Parks Canada - Discovery in the St. Lawrence

"Parks Canada’s underwater archaeologists, who regularly carry out surveys related to national historic sites and national parks, discovered the wreck of a plane while conducting work in an area adjacent to the Mingan Archipelago National Park Reserve of Canada. They believe it is a US Army Air Force PBY 5A airplane, sunk off the coast near the village of Longue-Pointe-de-Mingan in 1942.

There were nine persons on board when the aircraft foundered. Four of the crew escaped the flooding plane and were rescued by local fishermen rowing out from shore in open boats in rough seas. The five others perished, trapped in the aircraft by the swift flooding of the fuselage.
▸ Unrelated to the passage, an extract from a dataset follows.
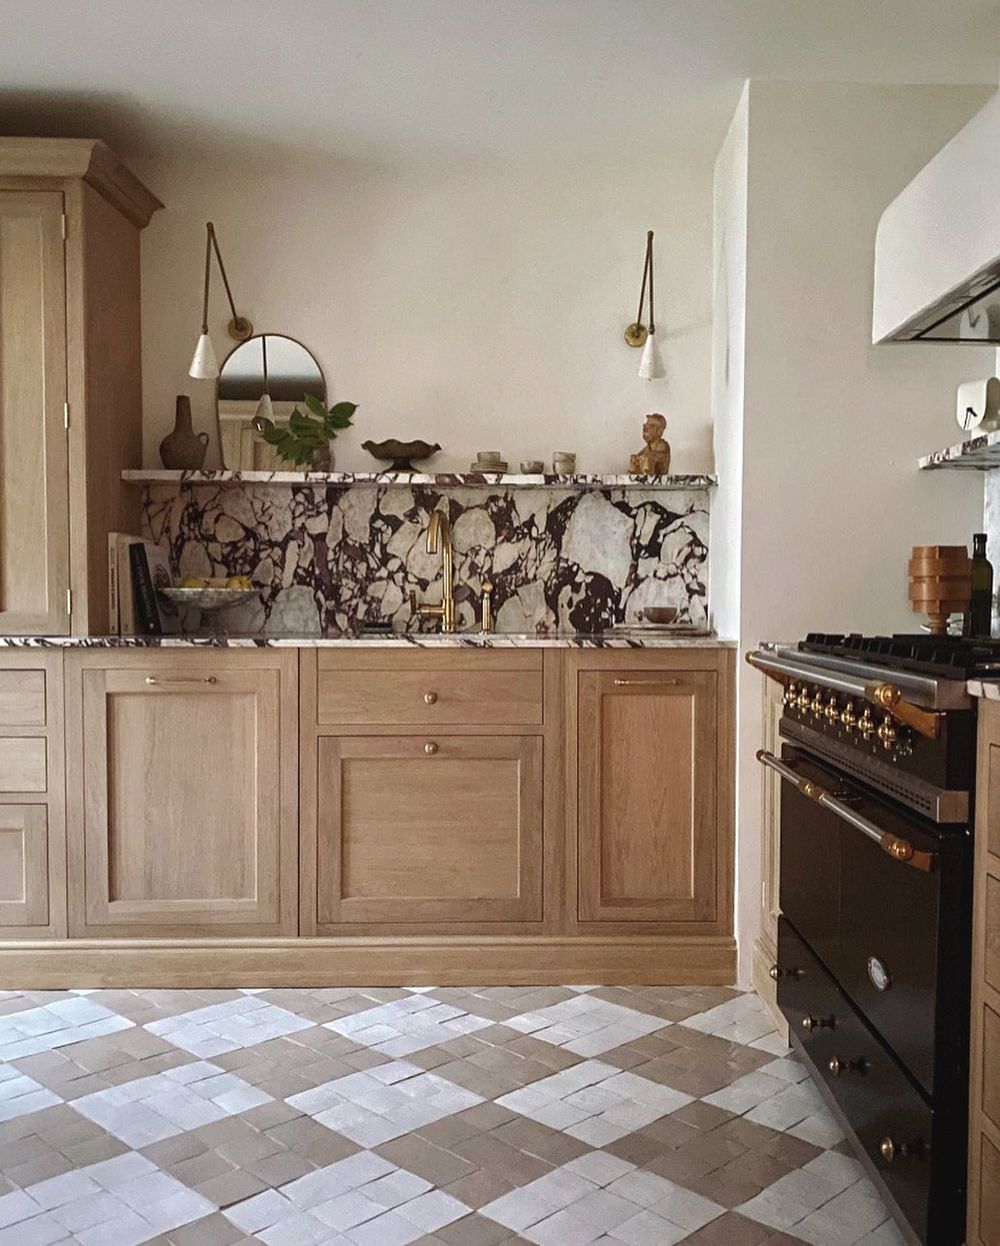 Warm up your kitchen with new neutrals
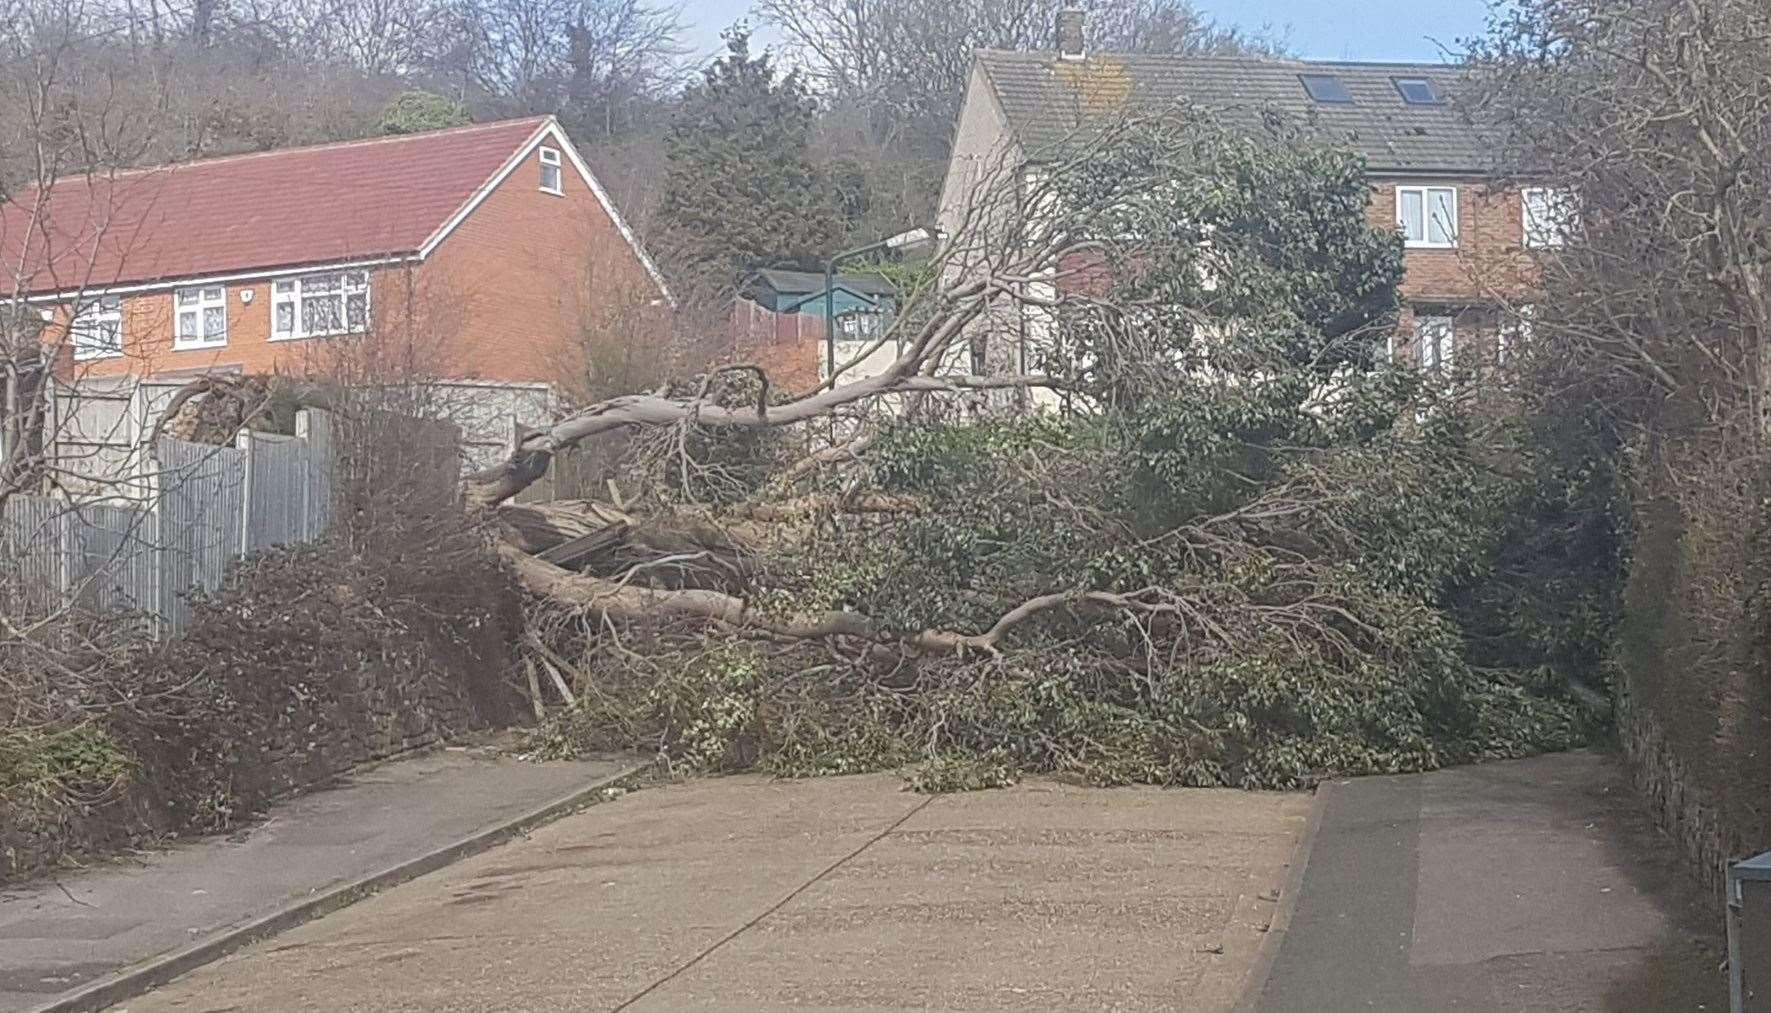 High winds brought down a tree in Carnation Road, Strood. Picture: Dawn Ellis

Side-scan sonar data indicates that the plane appears to be in very good condition, and there is a possibility of finding human remains."




U.S. recovers apparent remains of WWII airmen

"Parks Canada discovered the plane in 2009 while conducting a survey near the village of Longue-Pointe-de-Mingan in eastern Quebec. Earlier this month, the Joint Prisoners of War/Missing in Action Accounting Command, a federal agency that works to recover members of the military who are missing in action, dispatched a 50-person team on the USS Grapple to investigate the site in the hopes of recovering the remains of the missing."